Problem requirements:
Your task is to print all of the data below exactly, with no pictures included.

Data provided:
+ + + + +
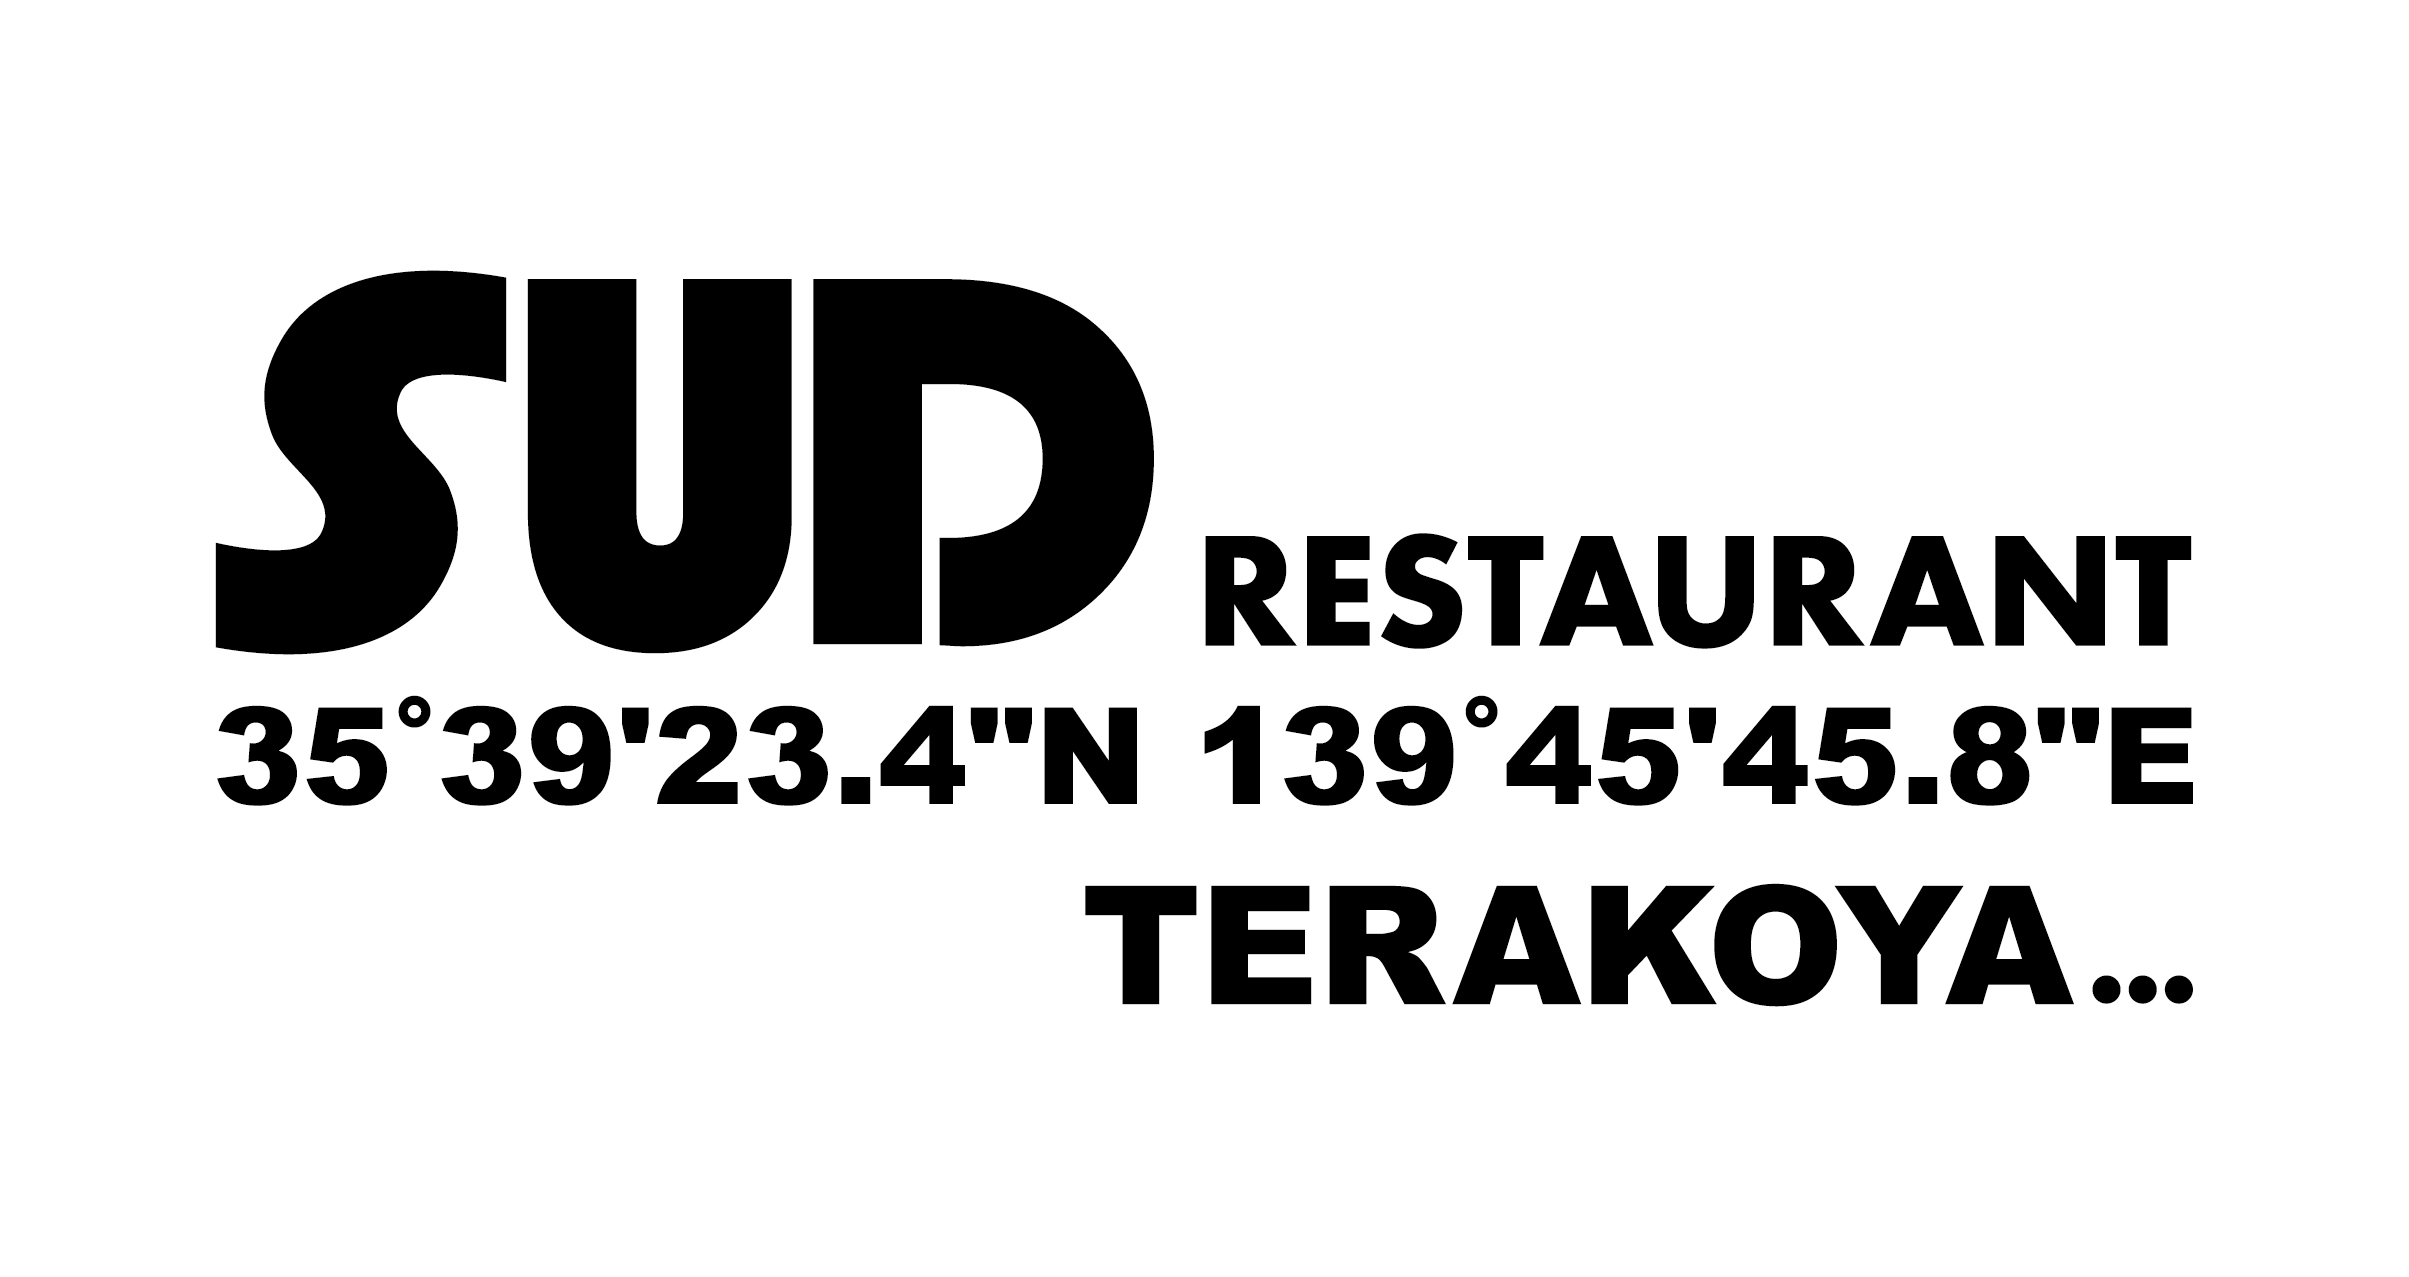 SUD Restaurant Japan Best Restaurant
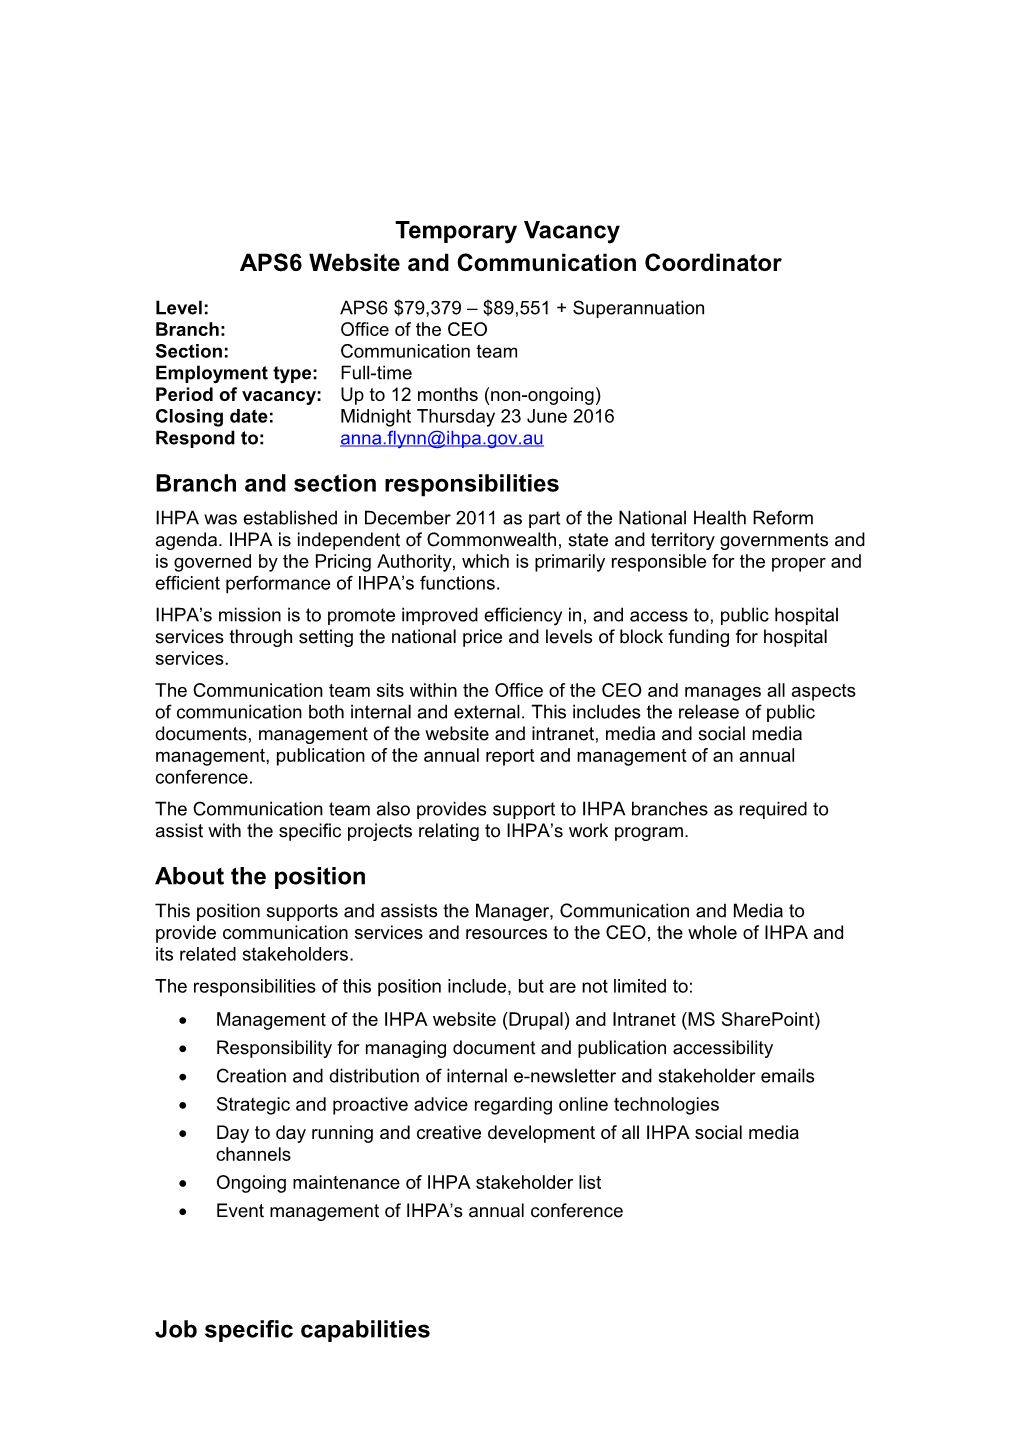 APS6 Website and Communication Coordinator
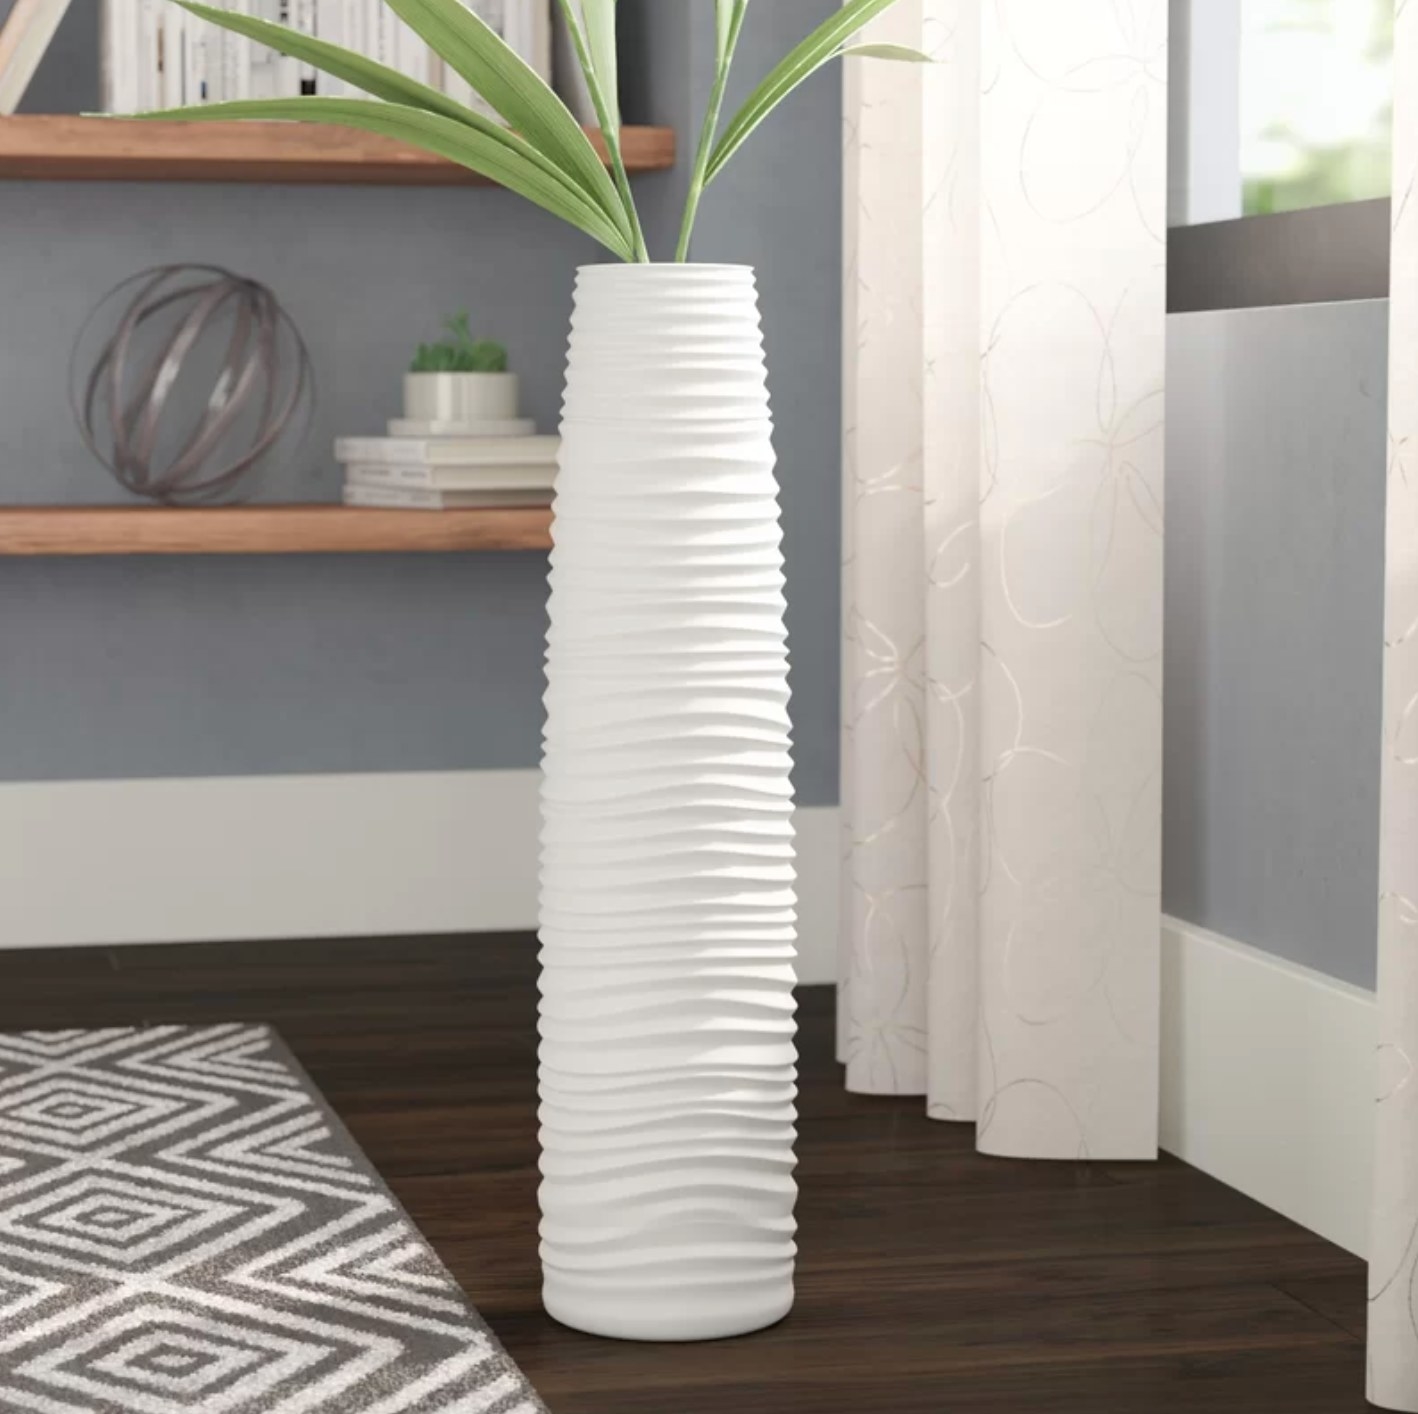 The ceramic floor vase in white
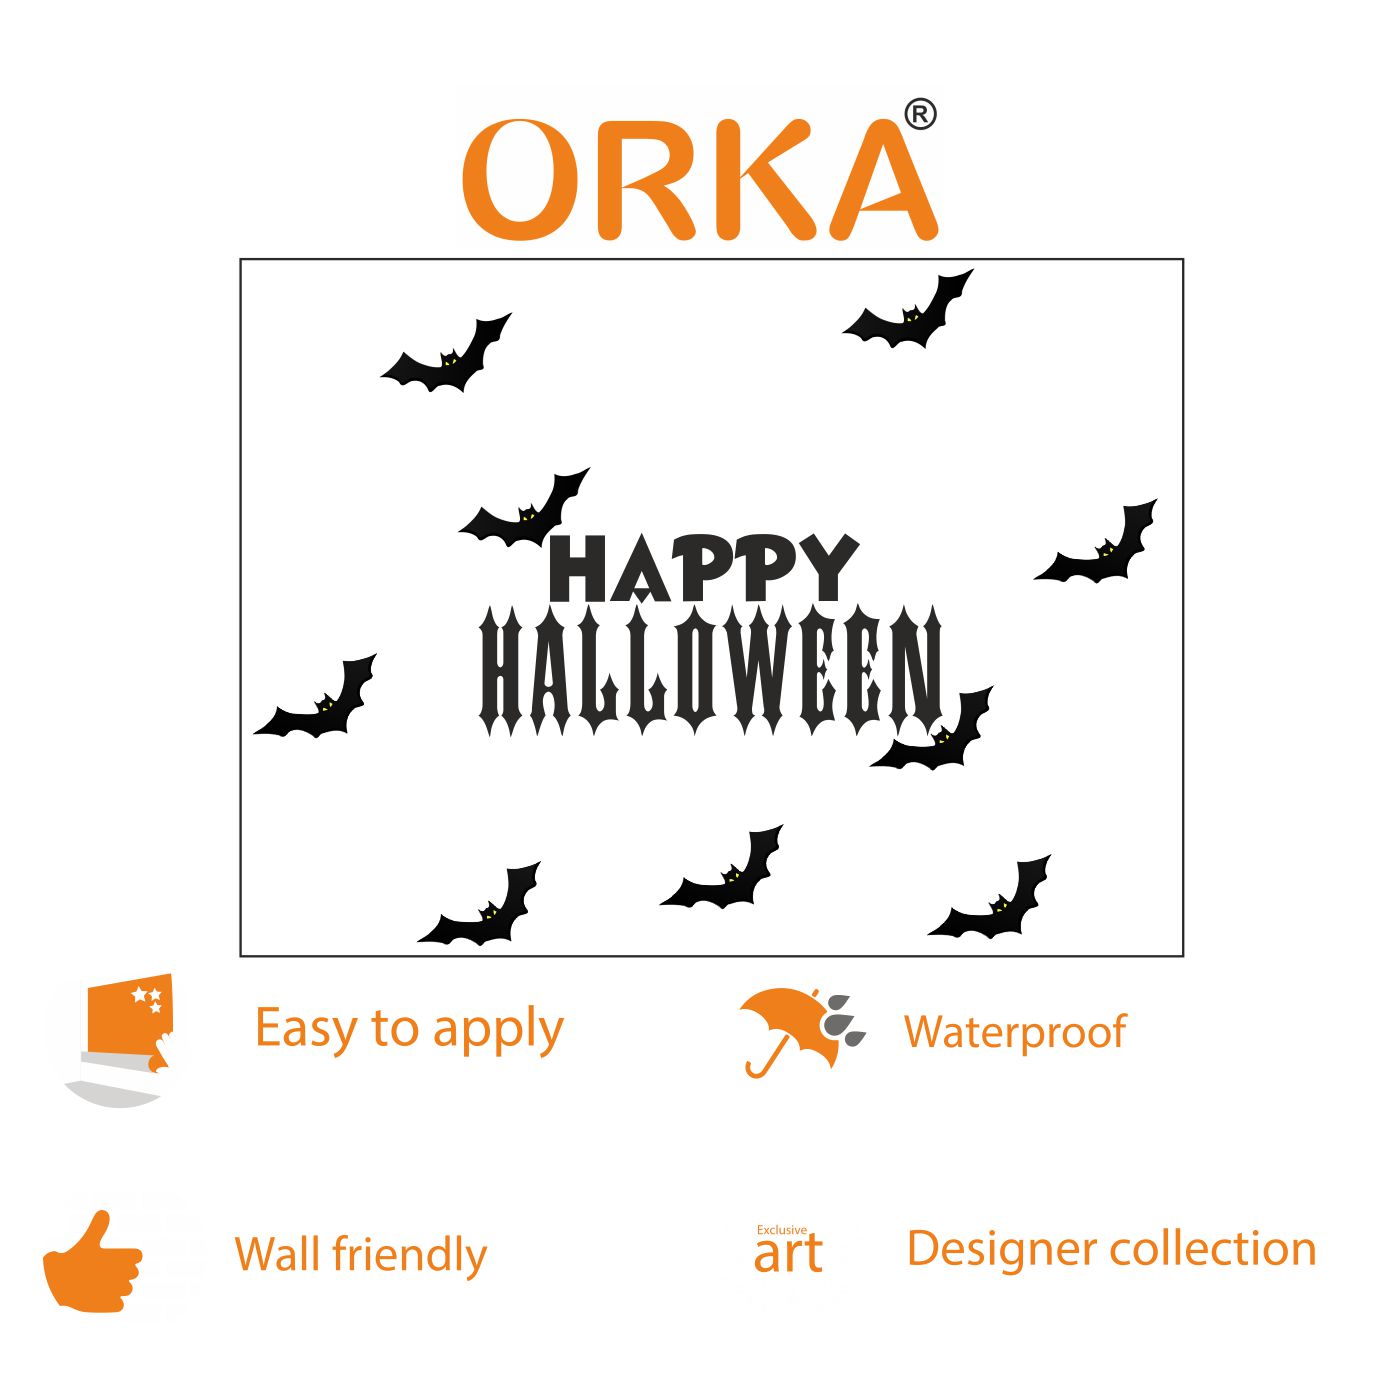 ORKA Halloween Wall Decal Sticker 15
+ + + + +
Answer:
 SUD Restaurant Japan Best Restaurant
 APS6 Website and Communication Coordinator
 The ceramic floor vase in white
 ORKA Halloween Wall Decal Sticker 15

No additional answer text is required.